Staff of the Healthy Mind Lab at Washington University School of Medicine in St. Louis pack medication and medical equipment for participants in a COVID-19 clinical trial. The study indicated that the drug fluvoxamine may help prevent deterioration in COVID-19 patients, making hospitalization less likely.
Fluvoxamine may prevent serious illness in COVID-19 patients
In a preliminary study of COVID-19 patients with mild-to-moderate disease who were attempting to recover in their homes, researchers at Washington University School of Medicine in St. Louis have found that the drug fluvoxamine seems to prevent some of the most serious complications of the illness and make hospitalization and the need for supplemental oxygen less likely.
The study, a collaboration between the university’s Department of Psychiatry and Division of Infectious Diseases, involved 152 patients infected with SARS-CoV-2, the virus that causes COVID-19. Researchers compared the outcomes of those treated with fluvoxamine to the outcomes of those given an inactive placebo. After 15 days, none of the 80 patients who had received the drug experienced serious clinical deterioration. Meanwhile, six of the 72 patients given placebo (8.3%) became seriously ill, with four requiring hospitalization.
The study is published online Nov. 12 in the Journal of the American Medical Association.
“The patients who took fluvoxamine did not develop serious breathing difficulties or require hospitalization for problems with lung function,” said the paper’s first author, Eric J. Lenze, MD, the Wallace and Lucille Renard Professor of Psychiatry. “Most investigational treatments for COVID-19 have been aimed at the very sickest patients, but it’s also important to find therapies that prevent patients from getting sick enough to require supplemental oxygen or to have to go to the hospital. Our study suggests fluvoxamine may help fill that niche.”
Fluvoxamine is used commonly to treat obsessive-compulsive disorder (OCD), social anxiety disorder and depression. It is in a class of drugs known as selective serotonin-reuptake inhibitors (SSRIs), but unlike other SSRIs, fluvoxamine interacts strongly with a protein called the sigma-1 receptor. That receptor also helps regulate the body’s inflammatory response.
“There are several ways this drug might work to help COVID-19 patients, but we think it most likely may be interacting with the sigma-1 receptor to reduce the production of inflammatory molecules,” said senior author Angela M Reiersen, MD, an associate professor of psychiatry. “Past research has demonstrated that fluvoxamine can reduce inflammation in animal models of sepsis, and it may be doing something similar in our patients.”
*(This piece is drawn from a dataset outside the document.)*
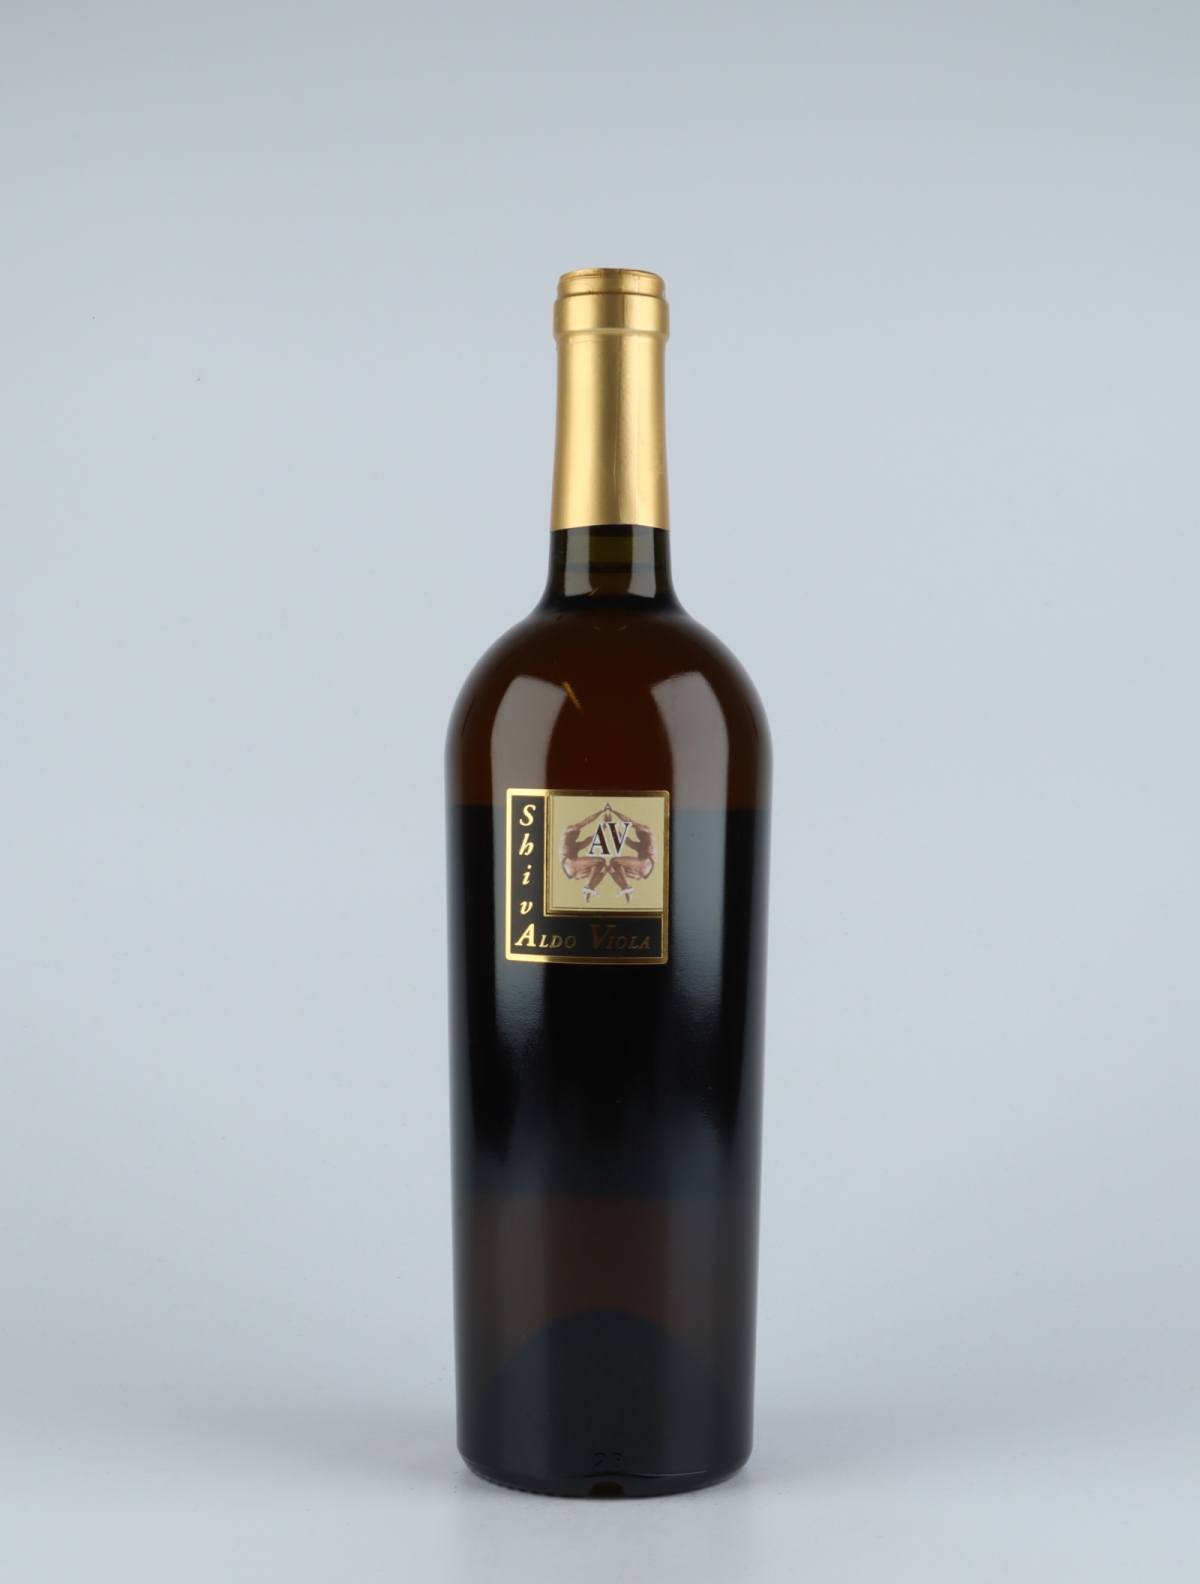 A bottle 2017 Shiva Catarratto White wine from Aldo Viola, Sicily in Italy

Reiersen said the drug’s effects on inflammation could prevent the immune system from mounting an overwhelming response, which is thought to occur in some COVID-19 patients who seem to improve after a few days of illness and then worsen. Many of those patients end up hospitalized, and some die.
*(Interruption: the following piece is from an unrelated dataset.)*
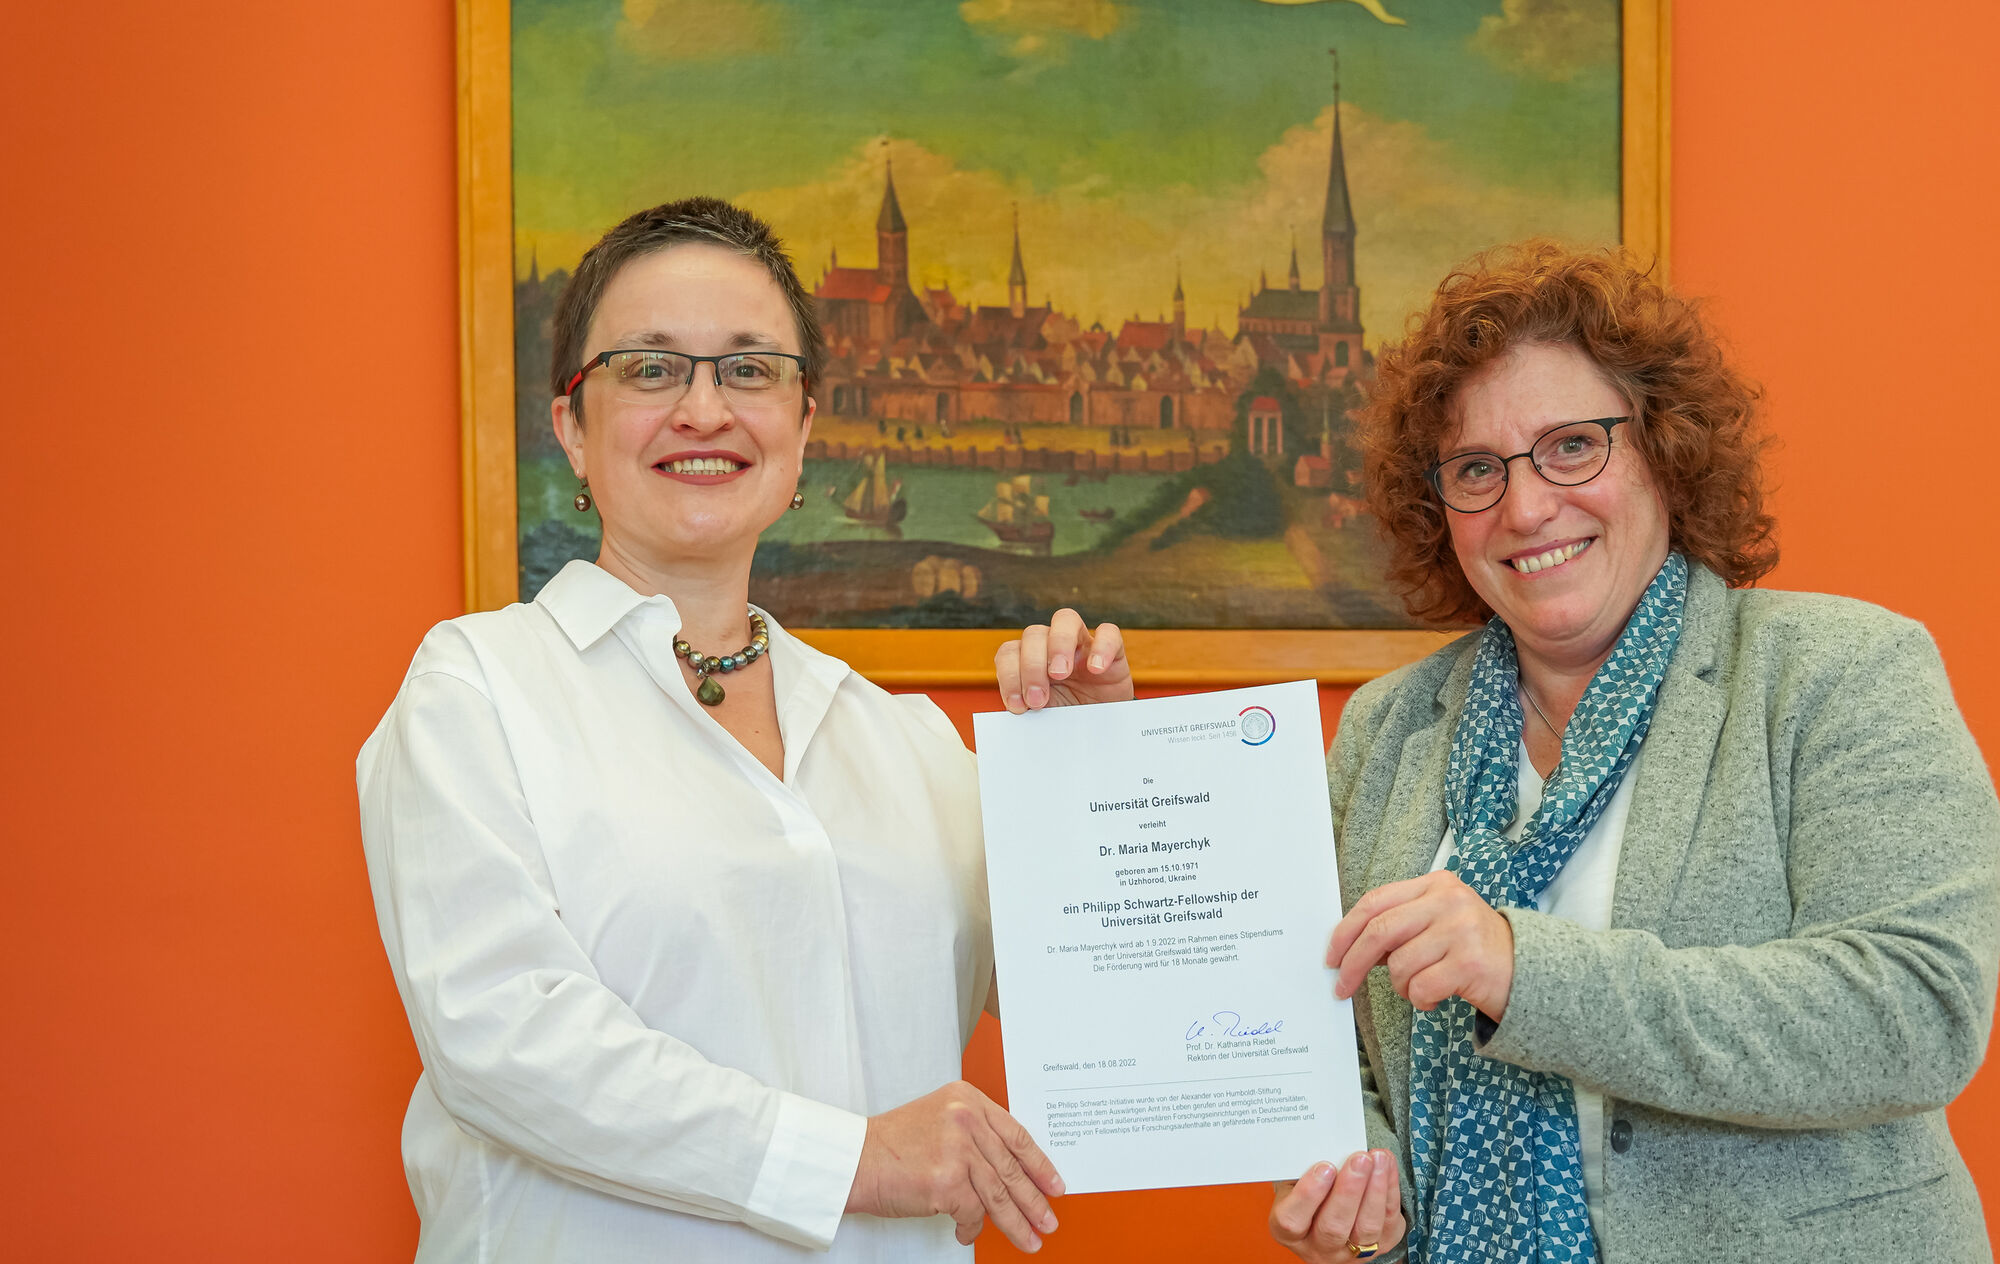 Die Rektorin der Universität Greifswald (Prof. Riedel) überreicht der ukrainischen Wissenchaftlerin Dr. Mayerchyk eine Urkunde über ein Philipp-Schwartz-Stipendium

In an innovative twist to research during the pandemic, the study was conducted remotely. When a symptomatic patient tested positive and enrolled in the study, research staff delivered the medication or inactive placebo to them, along with thermometers, automatic blood pressure monitors and fingertip oxygen sensors.
“Our goal is to help patients who are initially well enough to be at home and to prevent them from getting sick enough to be hospitalized,” said Caline Mattar, MD, an assistant professor of medicine in the Division of Infectious Diseases. “What we’ve seen so far suggests that fluvoxamine may be an important tool in achieving that goal.”
For two weeks, subjects took either the antidepressant drug or placebo sugar pills while having daily interactions with members of the research team — via phone or computer. That allowed patients to report on their symptoms, oxygen levels and other vital signs. If patients suffered shortness of breath or were hospitalized for pneumonia, or their oxygen saturation levels fell below 92%, their conditions were considered to have deteriorated.
“The good news is that not a single person taking the active medication experienced deterioration,” Reiersen said. “We believe this drug may be the reason, but we need to study more patients to make sure.”
The researchers will begin a larger study in the next few weeks. Lenze, the director of the Healthy Mind Lab at the School of Medicine, is an expert in using mobile and internet technology to conduct clinical trials. He said that although this initial study involved patients in the St. Louis region, the next phase of the research will involve patients from throughout the country.
“We bring the study to the patients, giving them tools to monitor their health at home,” Lenze said. “Our hope is that we can keep these patients healthy enough to avoid hospitalization.”